The LFEDGE Secure Device Onboard(SDO) will soon be renamed as FIDO Device Onboard(FDO). Here FIDO is First Identity Online. For more details, you can check https://fidoalliance.org/. This blog will give you an idea of how the FDO protocols work. We will try to explain it using the FDO protocol reference implementation. The implementation can be built using this repository: https://github.com/secure-device-onboard/pri-fidoiot. The documentation can be found here: https://secure-device-onboard.github.io/docs-fidoiot/1.1.4/implementation-references/getting-started-guide/We assume that the reader is familiar with the basic protocols used in FDO. These are DI, TO0, TO1, and TO2. Here we will explain what happens in the background while these protocols are being implemented.
What is an Entity Attestation Token (EAT)?
An Entity Attestation Token (EAT) is a small blob of data containing cryptographically signed claims. The cryptographic signing secures the token so that the means to convey the token does not have to provide any security. For example, it can be transmitted by HyperText Transfer Protocol (HTTP), Constrained Application Protocol (COaP), or added into the extension fields of any protocol that supports extensions. EATs will often be conveyed in systems that use TLS for their own security needs, but TLS is not necessary for EAT. Typically, the Elliptic Curve Digital Signature Algorithm (ECDSA) is used for signing, and the token size is a few hundred bytes for the claims and signature. The claims contained in an EAT help the cloud-based service assess and decide whether to trust the device and its data. This “trust signal” could be used to decide whether to carry out a transaction the device is requesting.
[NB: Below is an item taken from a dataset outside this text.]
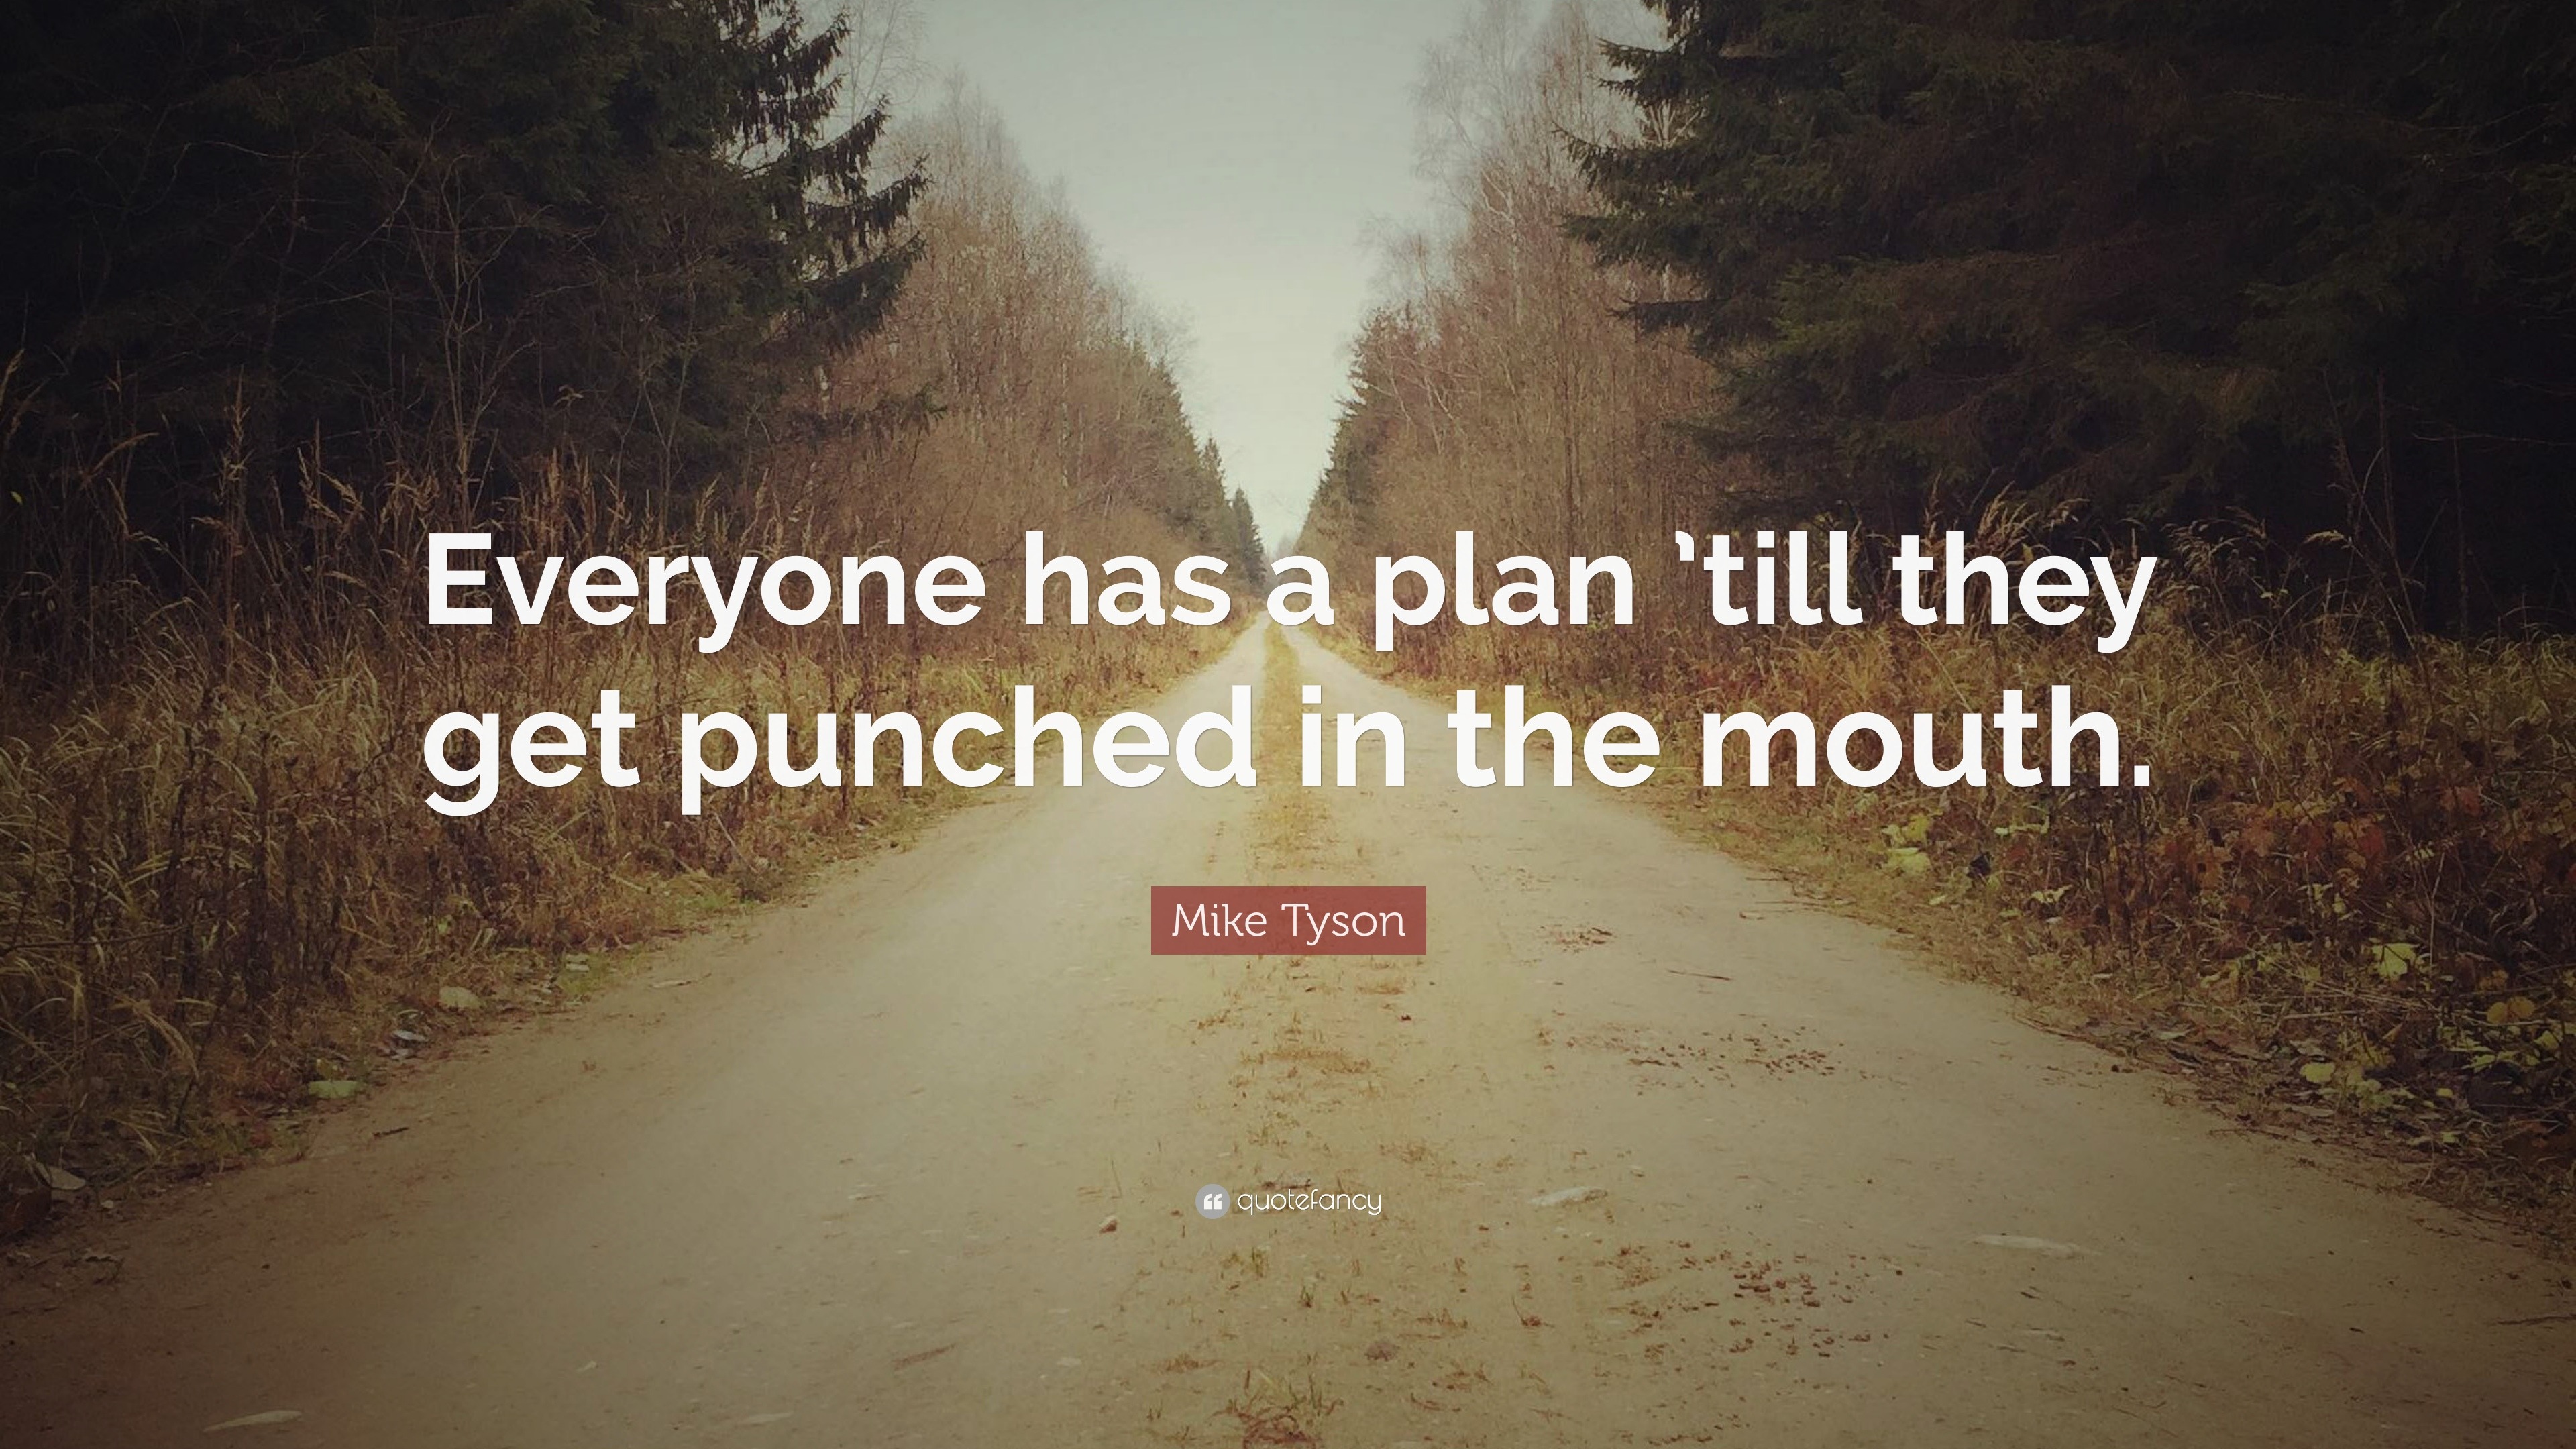 Mike Tyson Quote Everyone Has A Plan Till They Get Punched In The Mouth
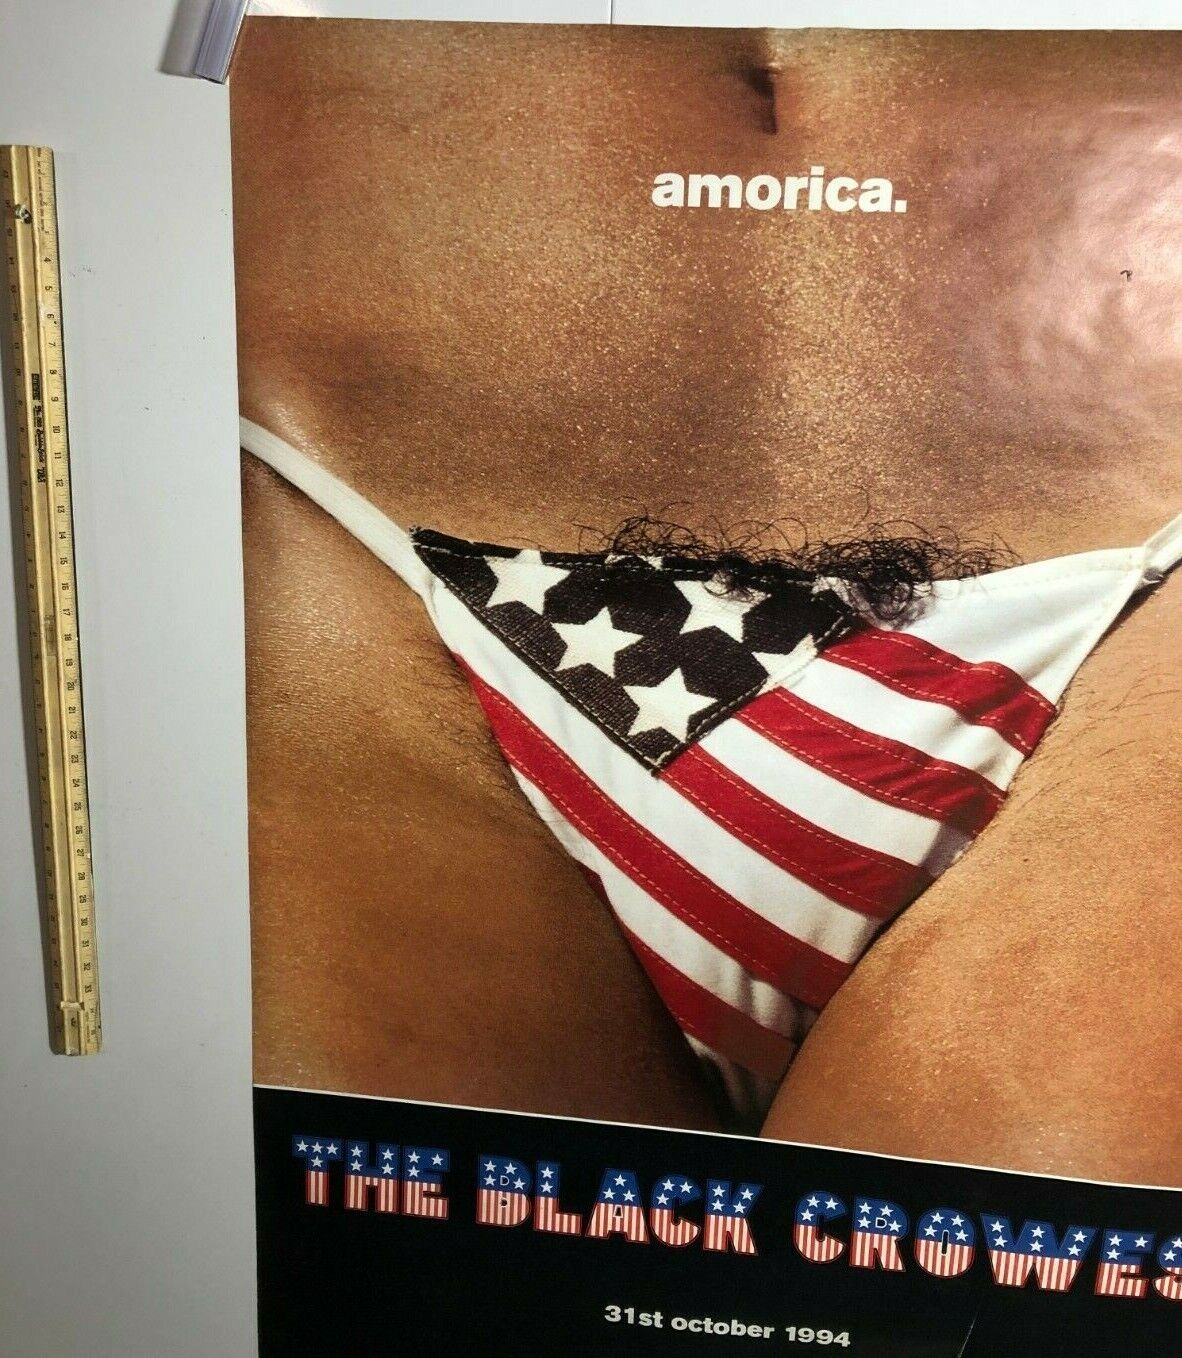 Huge Subway Poster The Black Crowes Amorica 1994 October Def American

Anatomy of an Entity Attestation Token:
The core of an EAT is the set of claims. The structure then surrounds the core to sign and secure the claims. Tokens can use CBOR or JSON format to express the claims (but not a mixture in one token). JSON is used widely in web services. CBOR is a binary size-efficient format.
Claims:
The claims section is a set of label-value pairs whereby each claim has a label and a value. In CBOR, the labels are typically simple small integers, and in JSON, they are strings. The claim values can be as simple as an integer or as complex as nested arrays with members of many types.
Signing Structure:
The standard signing formats of the modern COSE(CBOR Object Signing and Encryption) and JOSE(Javascript Object Signing and Encryption) are used. They can work with many different signing algorithms and key types. The headers identify the signing algorithm and, optionally, the signing key. This provides future proofing as signing algorithms, and key lengths change over time. The signature is at the end of the token and gives integrity protection to the claims. COSE is based on CBOR and is particularly size-efficient. For a 256-bit ECDSA signature, the headers and signature size are less than 90 bytes, most of which is the actual ECDSA signature.